Where is 2019 going?  It is April 2, and I am looking at my list of goals and looking for evidence of progress.  I am not finding it.  Sadly, I have missed all of my planned entry deadlines, but I still intend on finishing the collages that I started or planned… someday.

I have written about this before, but I will keep bringing it up, being creative is not easy.  I struggle to balance creative time with everything else in my life, and the creative time itself does not always go well.  Most of the fabric collages that I make go through an incredibly ugly stage that I have to fight through to keep working on them, and eventually, they usually work out in the end.  When I reach that halfway point, it is a huge challenge for me to keep going, and I often have to put the piece aside for a while.  This leads to missed goals and deadlines, but I am not letting it discourage me from learning more and trying to continue in my creative journey.

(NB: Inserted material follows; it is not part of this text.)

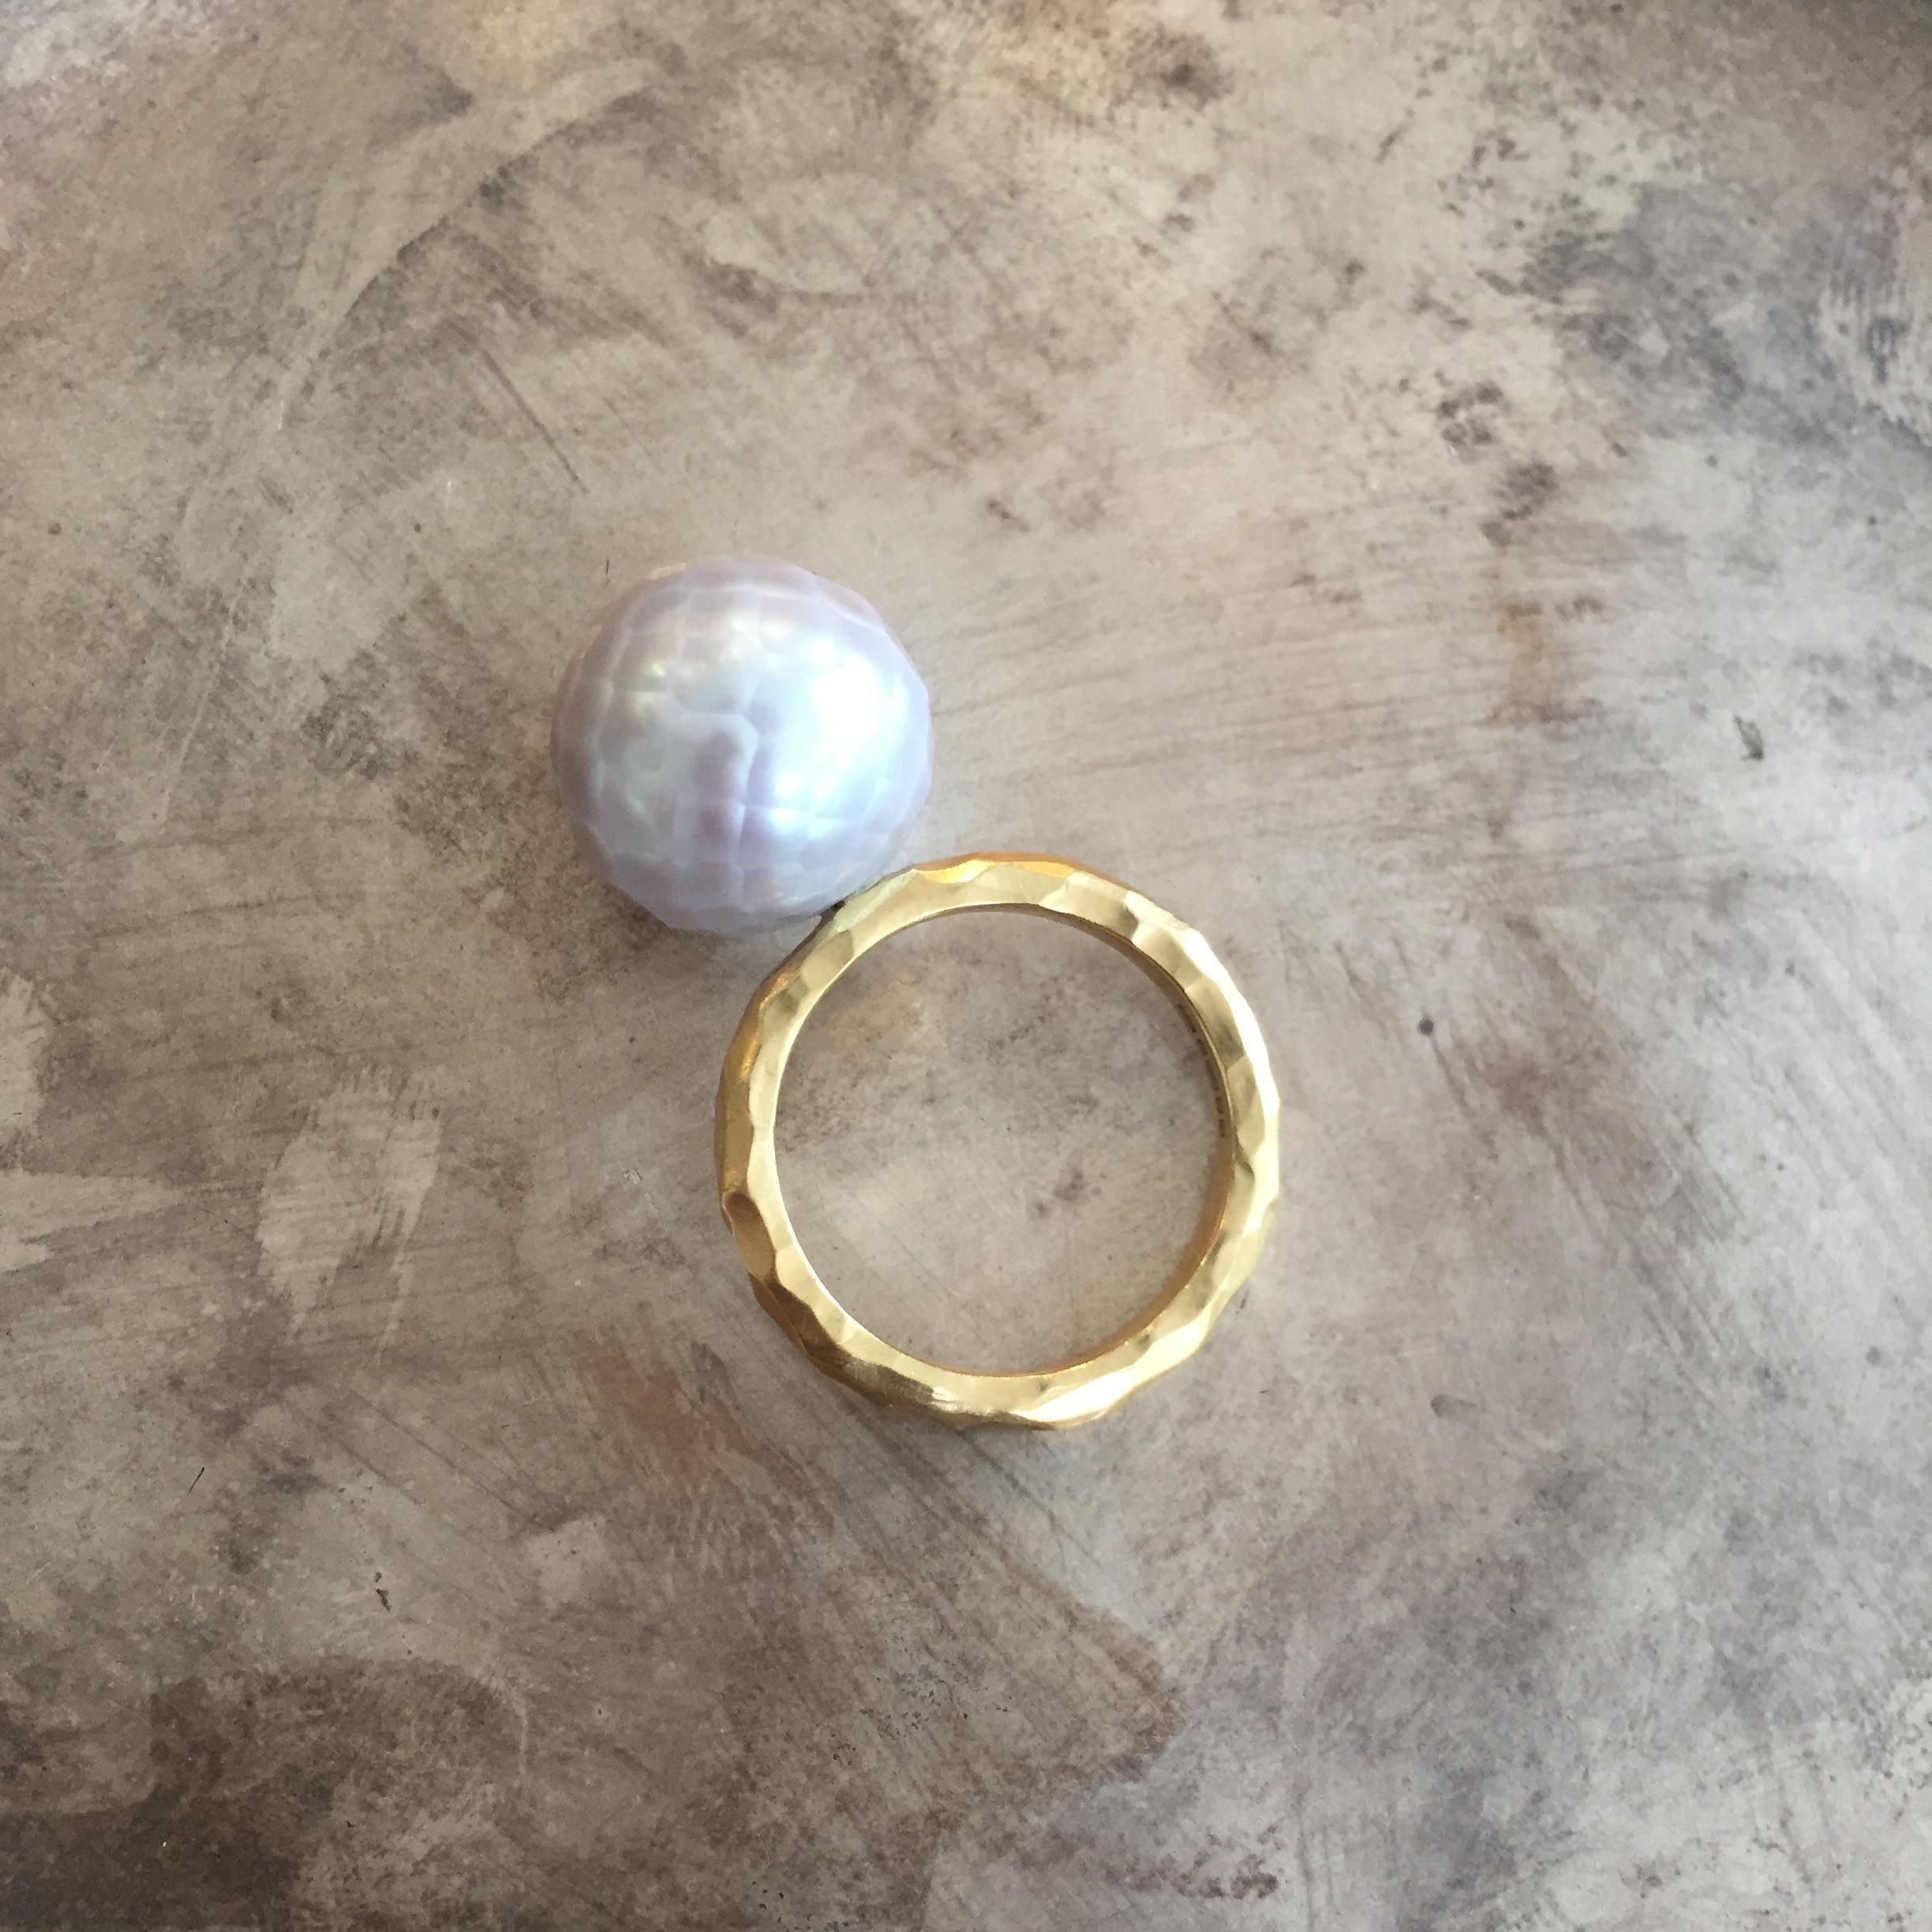 This stunning ring from Sweet Pea features an 18k yellow gold hammered 2.5mm wide band with a brushed finish. The unique faceted pearl is 13mm in diameter and is a soft pink-grey colour. This one-off ring is a UK size L 1/2.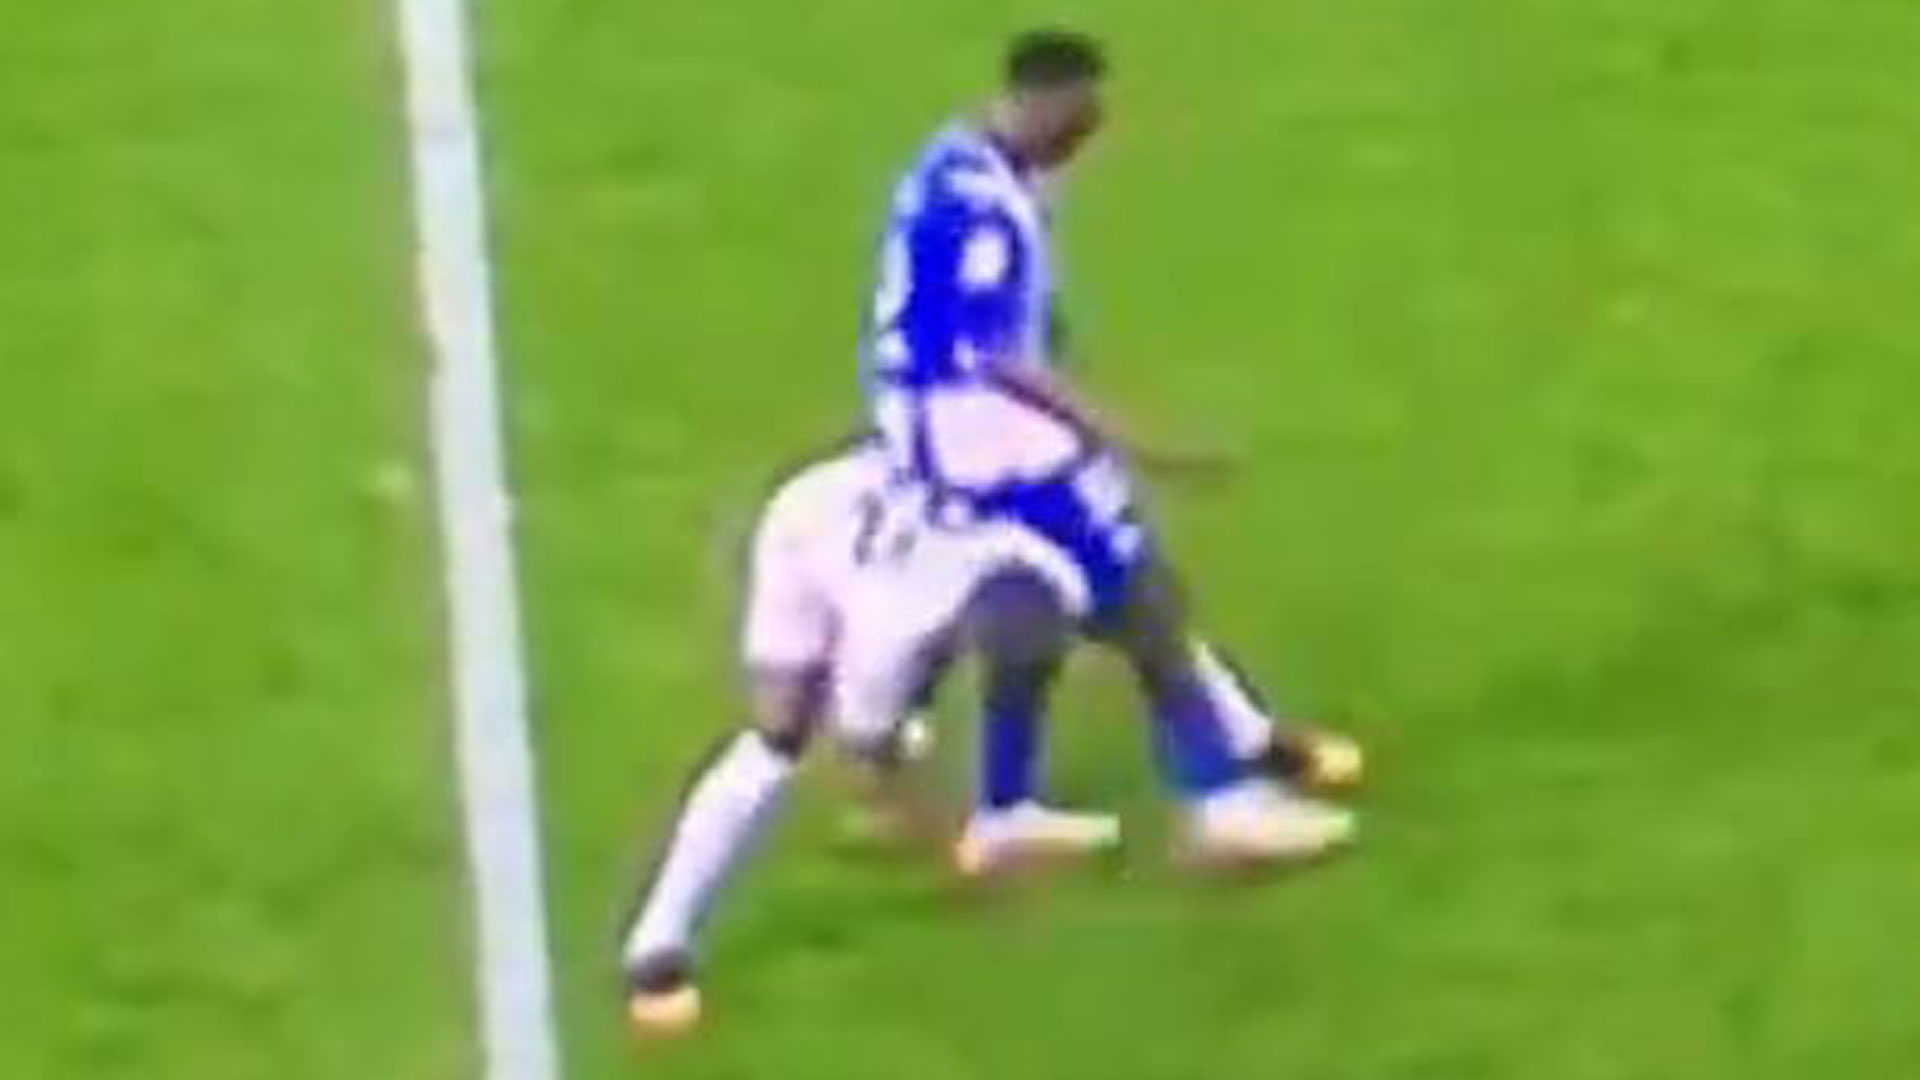 Fans convinced Antonio Rudiger is 'unhinged' as they spot former Chelsea defender's bizarre antics for Real Madrid

While I am grumbling about my lack of progress this year, I must address my plan to create an 8 x 10″ art quilt each week for the year.  No, that project is not going as planned.   I have managed to finish this little riot of texture:

Pink and Brown Something

I am going to revamp this project slightly.  In hopes of helping myself with this goal, I am going to attempt to give myself more direction and go back to the projects that I have flagged in my collection of Quilting Arts magazine, and use those as a means to create the 8 x 10s and reach two goals at once – the regular production of small pieces and trying all those techniques that piqued my creative mind.  I’m off to figure out the first project.  I think I will start with the earliest issue.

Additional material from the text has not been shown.